What the exercise asks:
Return exactly those lines of the material below that fall between the line holding "Casio Baby-G Shock" and the line holding "White nappa leather Eloise handbag / tote", inclusive.

Data supplied:
----------------------------------------

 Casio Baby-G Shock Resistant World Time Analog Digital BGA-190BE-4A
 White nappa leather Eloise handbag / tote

----------------------------------------

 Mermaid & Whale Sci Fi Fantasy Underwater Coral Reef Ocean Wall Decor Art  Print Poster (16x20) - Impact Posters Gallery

----------------------------------------

Exercise solution:
 Casio Baby-G Shock Resistant World Time Analog Digital BGA-190BE-4A
 White nappa leather Eloise handbag / tote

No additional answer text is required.